Is this Heaven? No, it’s China.

So, it’s 2am and you’re wondering why you’re wide awake. That, my friend, is called jet lag, and if you’ve never experienced jet lag before, let me be the first to tell you that traveling to China is just the worst. China is literally half way around the world meaning that they are 12 hours ahead of us. And while the clock says it’s 2am, your body is telling you it’s 2pm and wondering why you’re trying to sleep right now. This was how my first day in Beijing started off. By the time 6am breakfast rolled around, Karolina (my roomie) and I had our whole morning planned. We were going to visit the Temple of Heaven and get back to the hotel in time to meet the group for lunch.


Let me pause for a moment here and point out that if you think the idea of jet lag is bad, it’s nothing compared to trying to get somewhere in a city where you don’t know the language and can’t even begin to try to decipher the symbols on the signs. It took us 30 minutes and charades with 3 different people to find the subway station which was literally a block and a half from our hotel. We got on the subway, took it 3 stops, got off and were in the same situation as before getting on the subway…lost. Luckily for us, the Temple of Heaven is a big enough tourist attraction that there was a (emphasis on “a”) sign for it in English. It took us 45 minutes, but we finally found it.


I’ll be honest. I wasn’t so gung-ho about visiting the Temple of Heaven at first, but when we got there, I was so glad I went along with the idea. It was definitely worth all the struggle it took to get there. The Temple of Heaven is a temple (obviously) that was built by the Chinese emperor as a place to hold the ceremonies involved with worshiping heaven. The ceremonies took place in several different buildings each dedicated for a specific purpose in the worship. Now the buildings are preserved as a museum to showcase the history of China worshiping the heavens. The last ceremony was celebrated in 1914.


There is more to the Temple of Heaven than all of the old, museum-ified buildings. The buildings are surrounded by a very large park dedicated to preserving the peacefulness associated with the Temple of Heaven. Though the park is always full of people, it is still very quiet. Most of the park attendees are the elderly who come to the park to practice their exercises like Tai Chi and some TempleofHeaven_ParkChinese form of Zumba. There are also a ton of people playing cards and dominoes and other games. The game that fascinated us the most was one very similar to hacky-sack, but with an arrow looking shuttlecock instead of a ball. We later found out that the game is called jianzi and originated from soldiers kicking around a broken arrow. The game was meant to increase the soldiers’ speed and agility. After watching a group of old people playing this game, Karolina and I came to the consensus that they were in way better shape than we are.

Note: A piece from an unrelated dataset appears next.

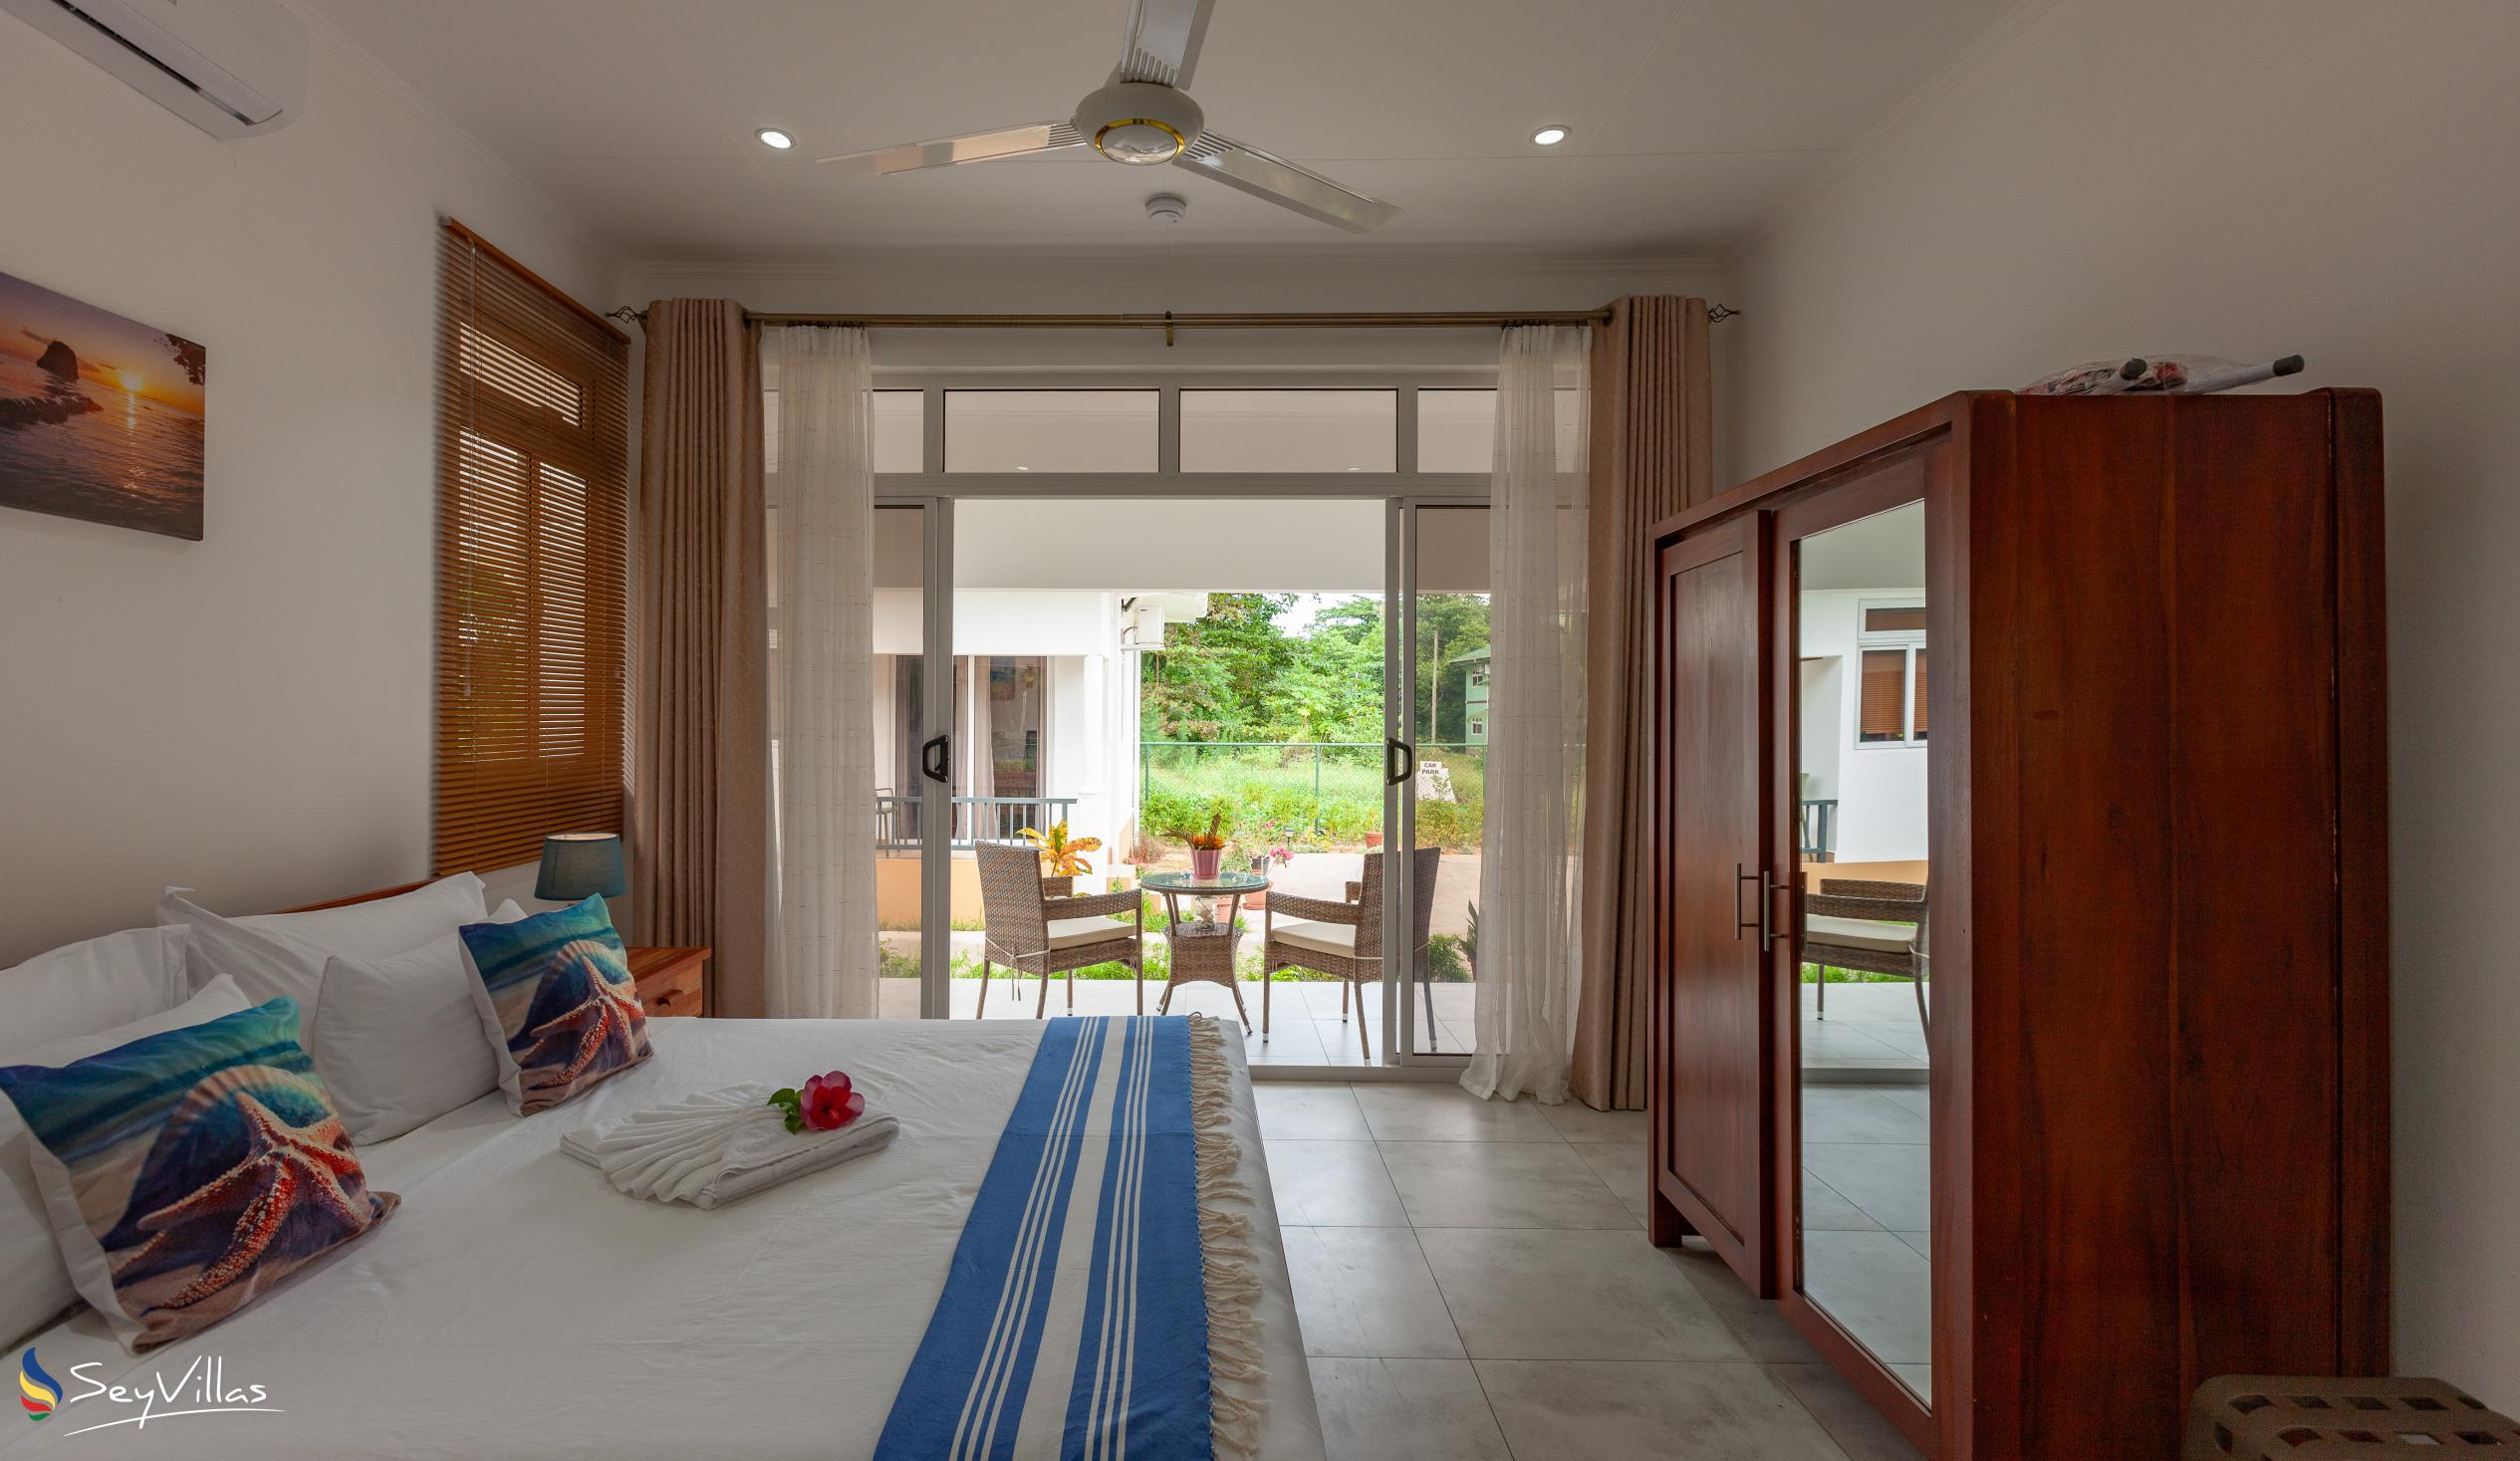 Foto 29: MacMillan's Holiday Villas - Chalet mit 2 Schlafzimmern - Praslin (Seychellen)

While the Temple of Heaven was our first experience with Chinese history, it was also our first experience among the people in China. Karolina and I were taking a
break in the shade at the Temple when we were approached by a group of guys who wanted to get a picture with Karolina. I totally missed the memo that Chinese people have a tendency to take pictures with laowai (foreigners), and as we are definitely NOT Chinese it’s pretty difficult to avoid the looks, the approaches, and the pictures. By the end of the trip, I’m sure our group was trending on Renren (China’s version of Facebook).


That morning, I had made the not-so-smart decision to wear flats on our journey to the Temple of Heaven. I took a 30 second break to put a band-aid on my ankle12038673_10153040351985213_8401363672375921785_o and an elderly gentleman came up to me and started talking to me in Mandarin and pointing at his shoes. At first I was very confused, but I finally realized that he was telling me I should have worn tennis shoes instead of flats. Had I known that our trip to the Temple of Heaven involved a nine and a half mile walk, I definitely would have worn tennis shoes instead. I smiled at the gentleman, gave him a thumbs up and said “tomorrow”. He seemed satisfied and walked away. Later that day, a US ex-pat described China to us as a country where all of the elderly assume the role of your nosy aunt or uncle and tell you what to do. My encounter with the elderly gentleman suddenly made so much more sense.


Karolina and I walked around the Temple of Heaven and the surrounding park for a couple hours until it was time for us to meet back up with the group at the hotel for lunch. Remember that jet lag thing I was talking about? In China, when the clock says noon, your body says “Bed time!” While we still had a full day ahead of us, mostly of trying to stay awake, the Temple of Heaven was a great beginning to our visit of China and we were excited to see what else the ancient city of Beijing had in store for us.